Result assessment! - Githubissues

Jiulong-Zhao commented 2 years ago

Hi developers! Thanks for your contribution to the study field of viral ecology! Recently, I used the PHAMB tool to identify viral bins from my bulk metagenomes, and I had some questions about the output results.

The result files contained vambbins_RF_predictions.txt and vamb_bins/vamb_bins.1.fna. In the file of vambbins_RF_predictions.txt, there were hundreds of thousands of bins labeled as "viral", whereas, in the file of vamb_bins/vamb_bins.1.fna, there were only tens of thousands of viral bin sequences recorded. So, which one is the real result?
We have known that the input files were assembled contig sequences and the cluster information resulted from VAMB. So, why are there no gaps in the bin sequences in the file of vamb_bins/vamb_bins.1.fna?
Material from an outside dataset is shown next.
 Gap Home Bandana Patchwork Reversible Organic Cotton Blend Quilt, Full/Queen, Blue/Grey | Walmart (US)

For each viral bin, were multiple contig sequences connected without gaps? How to determine their sequential order?
After I got the viral bins, CheckV was used to evaluate the viral genome quality with the file vamb_bins/vamb_bins.1.fna as input. As a result, more than 500 viral bins were considered High-quality viral genomes. That's great! However, there are more than ten viral bins with a genome length of larger than 400 bp, and the longest one is more than 600 bp. So were these viral bins potentially belonging to giant viruses? And why did CheckV consider them as high-quality viral genomes when these viral bins contained high-proportioned host genes and low-proportioned viral genes (see figure below).

Thanks for your attention and reply in patience! Looking forward to your reply! Jiulong

joacjo commented 2 years ago

Hi Jiulong

Thank you for the kind words! I will address your questions one by one.
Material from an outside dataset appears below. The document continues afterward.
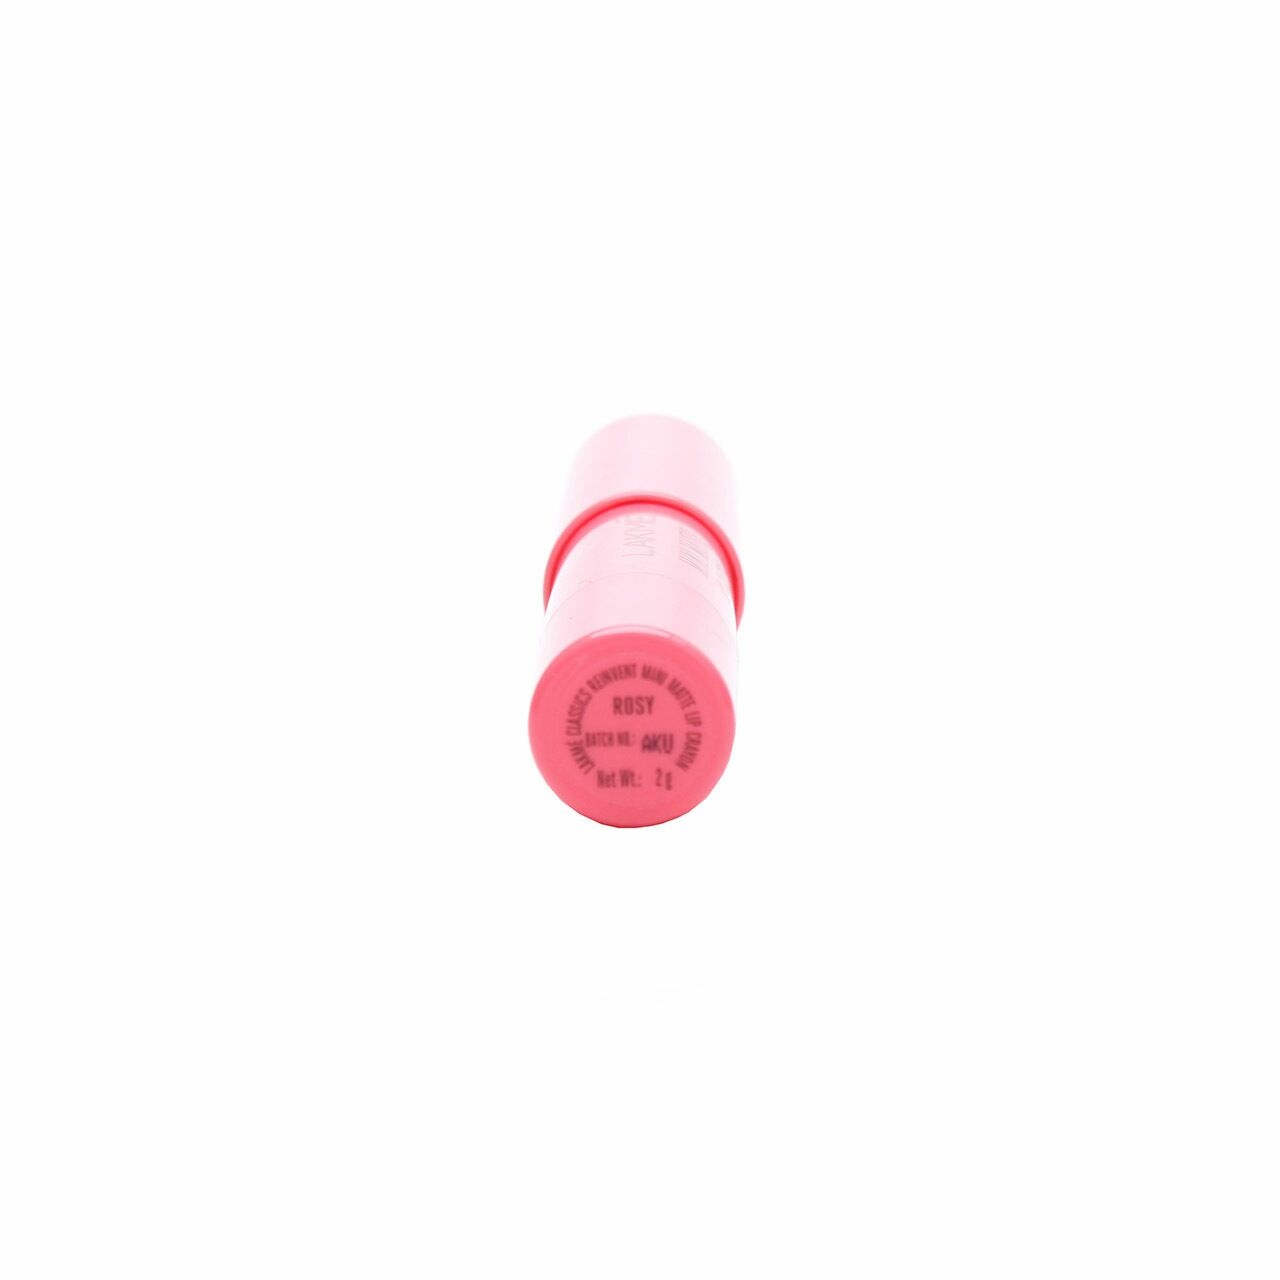 Lakme Rosy Mini Matte Lip Crayon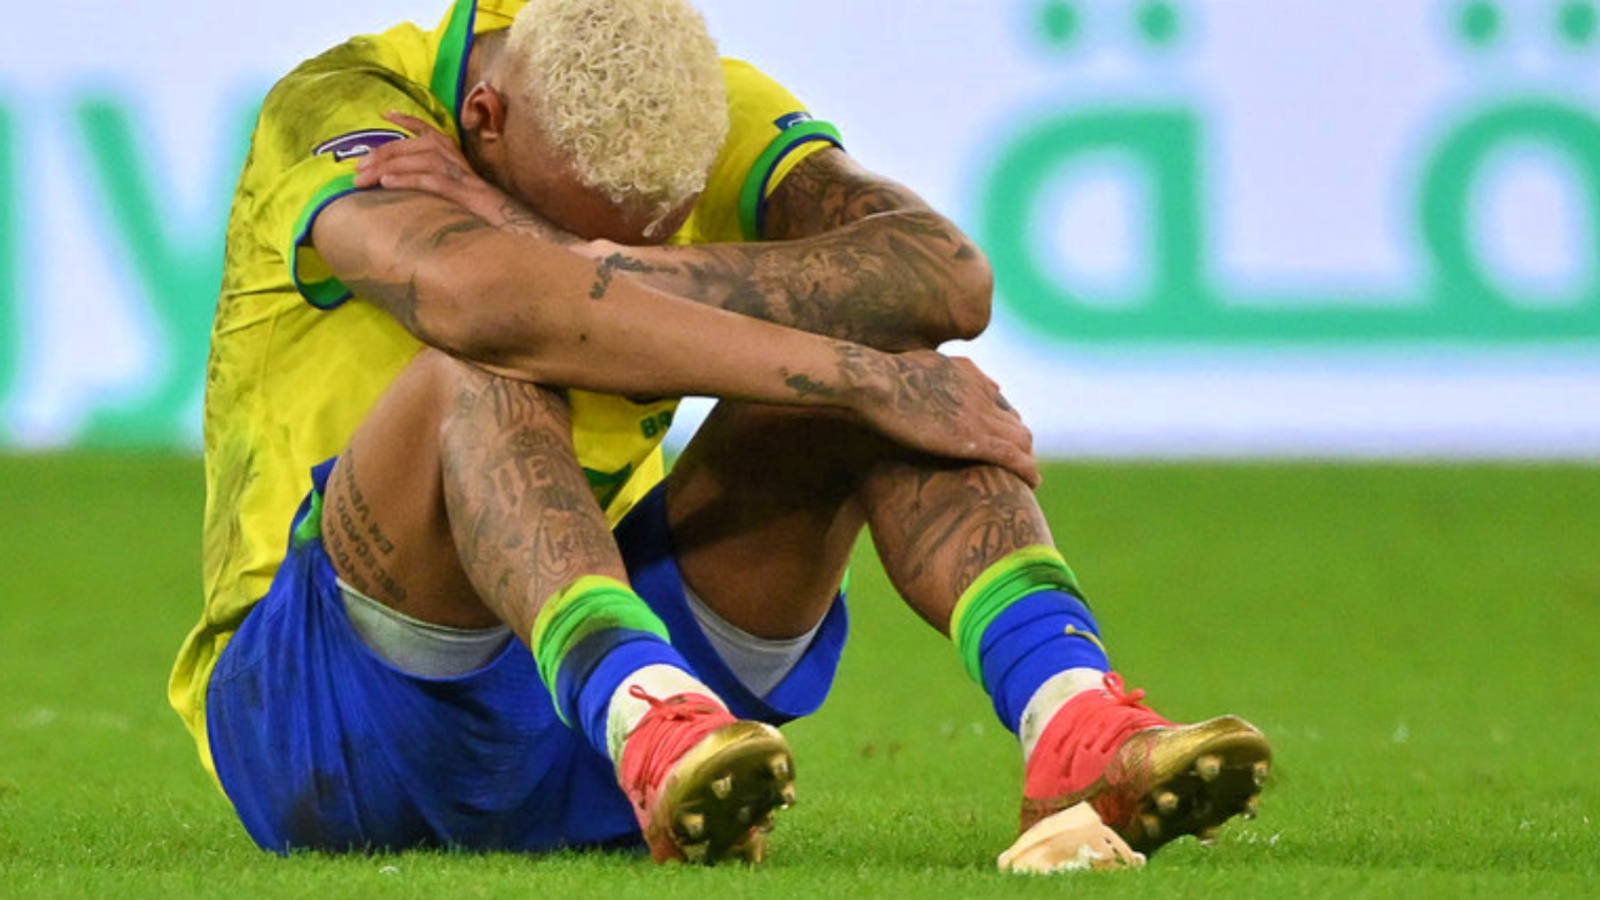 اللاعب البرازيلي نيمار متأثراً بخسارة منتخبه أمام كرواتيا وانتهاء المشوار عند ربع النهائي

If you check out this script: https://github.com/RasmussenLab/phamb/blob/master/workflows/mag_annotation/scripts/run_RF.py There is a minimum bin-size argument to the function (write_concat_bins) that concatenate the contigs of a viral-like bin, by default it's set to 5000bp. So only bins with a size of >=5000 bp are written to the .fna files that explains the number discrepancy. You can just change this argument to i.e. 2000 to have smaller bins written to the .fna files, if you are looking for micro viruses.
Like with bacterial MAGs, the sequential order of the contigs in a viral bin/viral MAG is not known. Unless you find a reference genome to guide how to put the genome/contigs puzzle together, even though mosaicism in viruses may hinder this effort. The contigs are, by choice, not connected by gaps like "XXX" or some other accepted DNA character in fasta-files as it might mess up the viral evaluation machinery of CheckV.
I am glad you also were surprised to find some viral bins annotated as "High-quality" even though they contain numerous host-genes. So were we when we evaluated viral MAGs with CheckV. If you look closely in your table, the viral bins were evaluated by CheckV's HMM-model which Is only benchmarked and evaluated on single-contig viruses and not tailored for viral MAGs. In the manuscript we have addressed these predictions and recommend that they should not be taken seriously and discarded, instead researchers should focus on AAI-based predictions that are more whole-genome alignment based. That does not mean that all HMM-based predictions are wrong though, they are just based on viral-markers that work best with single-contig viruses.

The last two rows in your table looks very much like Giant-viruses and were predicted by the AAI-model.

I hope you find this information helpfull.

Best, Joachim

Jiulong-Zhao commented 2 years ago

Hi @joacjo, I do appreciate your kindly and patient reply!

As you said, I checked some viral bin sequences and found that all contigs were connected without any gaps. So I wonder if these contigs were connected in a random order as bin sequences. I have some other viral bins (actually they were NCLDV MAGs) obtained through other methods, and I want to merge all these viral bins followed by the clustering of these viral bins into the species level. So, I wonder if I can connect the contigs of my NCLDV MAGs in a random order to generate the viral bins. Additionally, may the connection of contigs in random order affect the downstream analyses of these viral bins, like gene annotations?
Thanks for your pointing out my impropriety in selecting the HQ viral bins. Should I select the HQ viral MAGs evaluated by CheckV's AAI-based high-confidence model only or both high-confidence and medium-confidence models? Do you think the Medium-quality viral MAGs should also be selected for the downstream analyses?
I wonder if this tool is suitable for binning NCLDV MAGs or only for binning phage MAGs?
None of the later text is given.